**INSTRUCTIONS FOR THE TASK:**
Using the data below, set down every line from the one containing "Odintcova porn viki Viktoria Odintcova" through the one containing "Floral armband tattoo", inclusive and unchanged. Pictures are to be skipped.

**AVAILABLE DATA:**

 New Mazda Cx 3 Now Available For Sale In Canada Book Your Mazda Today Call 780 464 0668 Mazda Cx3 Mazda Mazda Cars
==
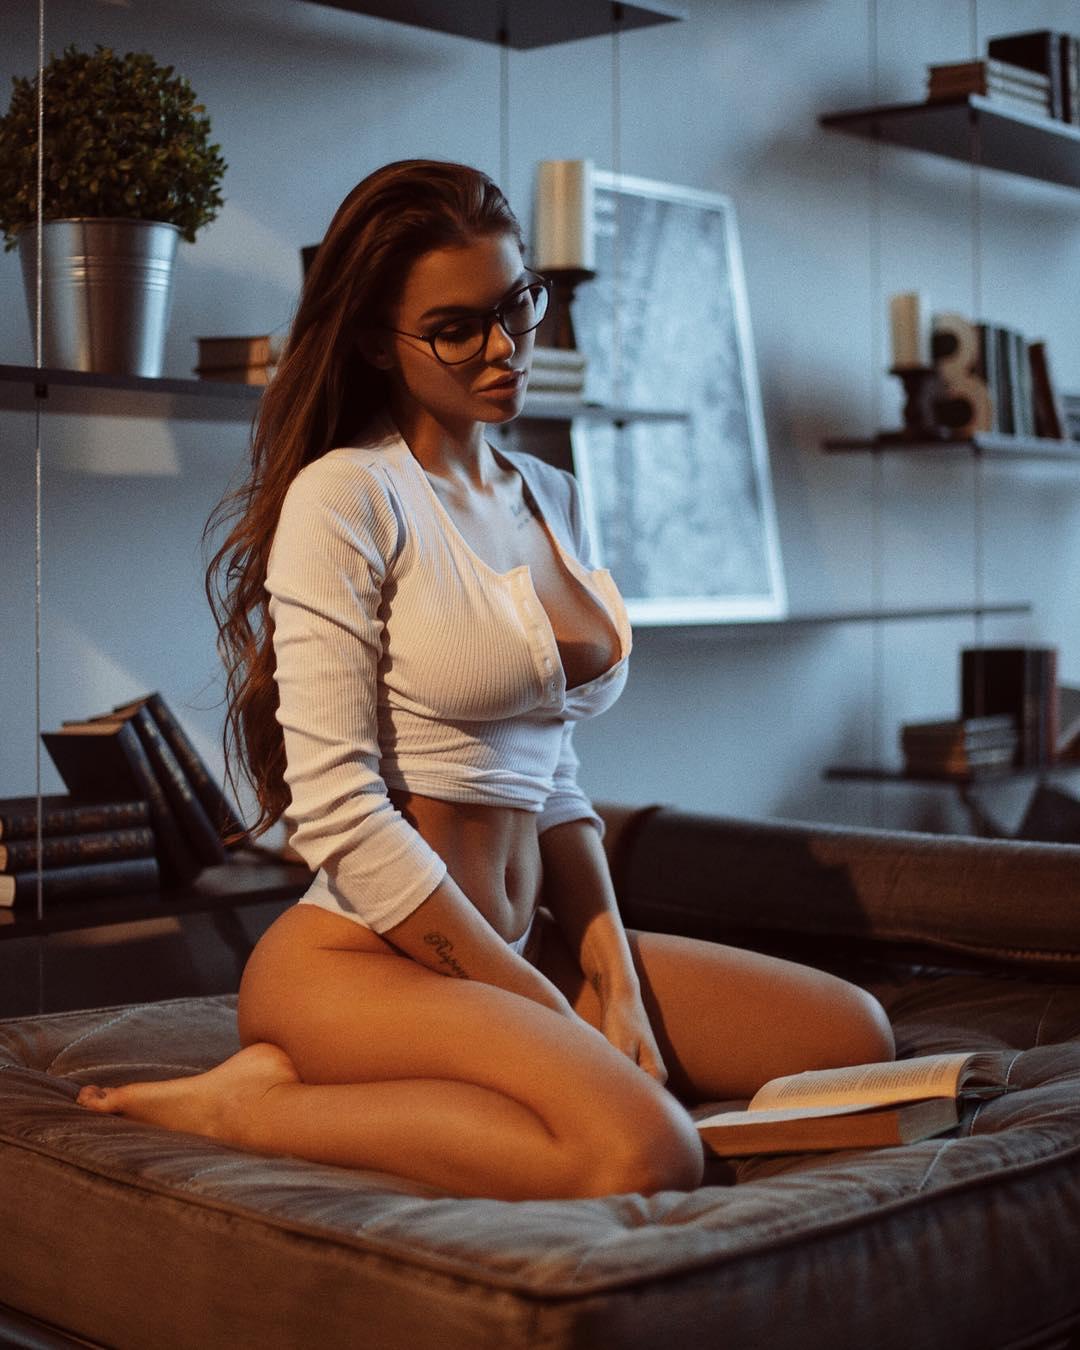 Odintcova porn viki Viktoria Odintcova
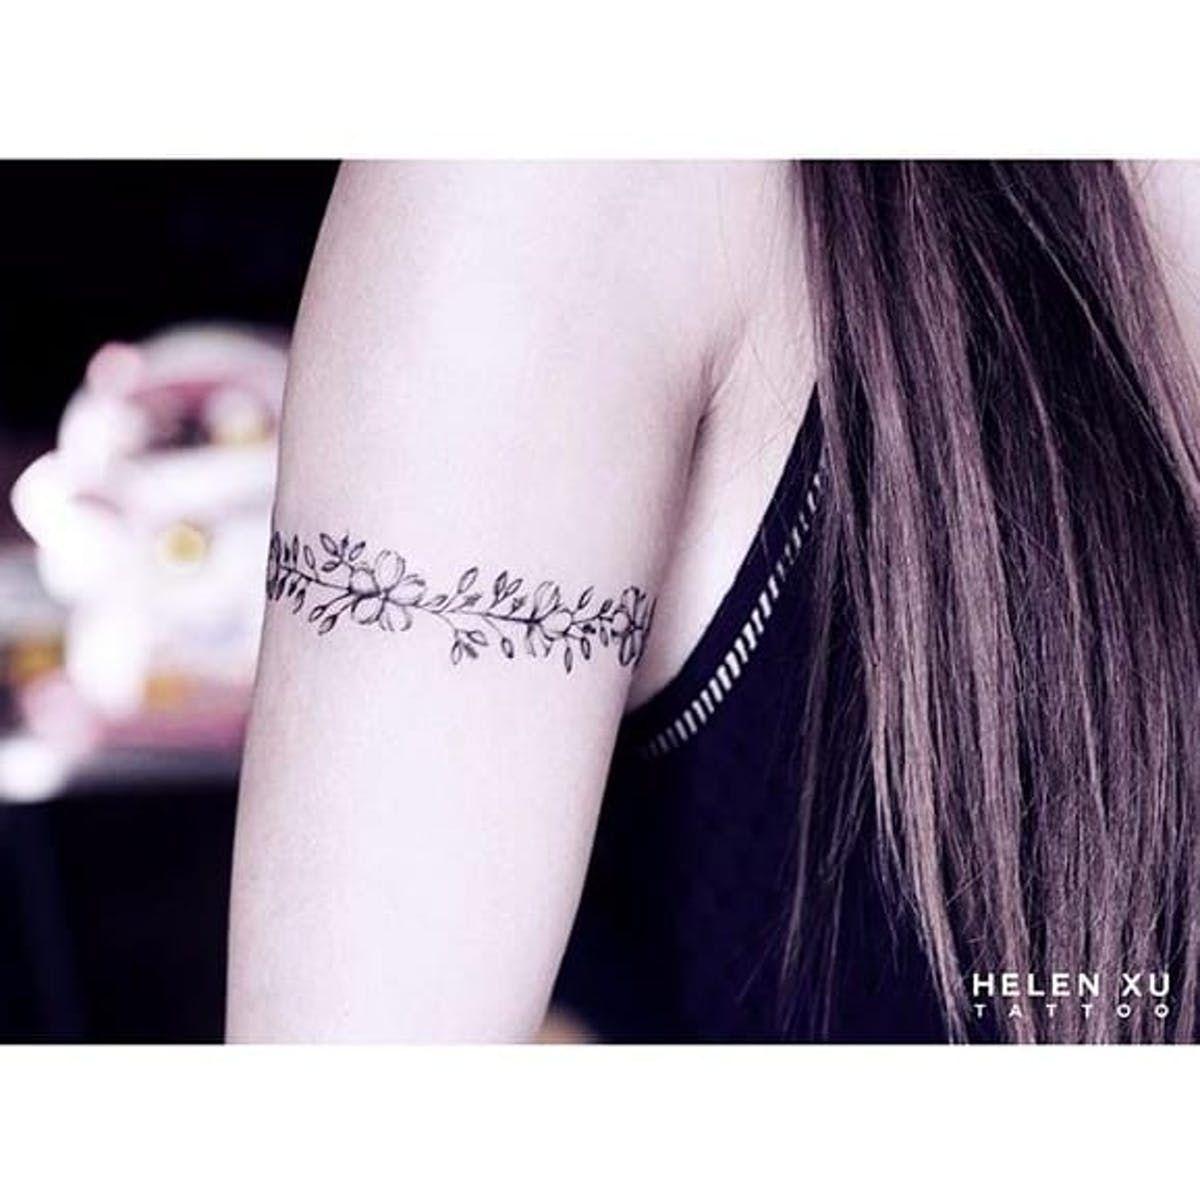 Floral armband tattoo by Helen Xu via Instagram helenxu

**PROBLEM SOLUTION:**
 Odintcova porn viki Viktoria Odintcova
 Floral armband tattoo by Helen Xu via Instagram helenxu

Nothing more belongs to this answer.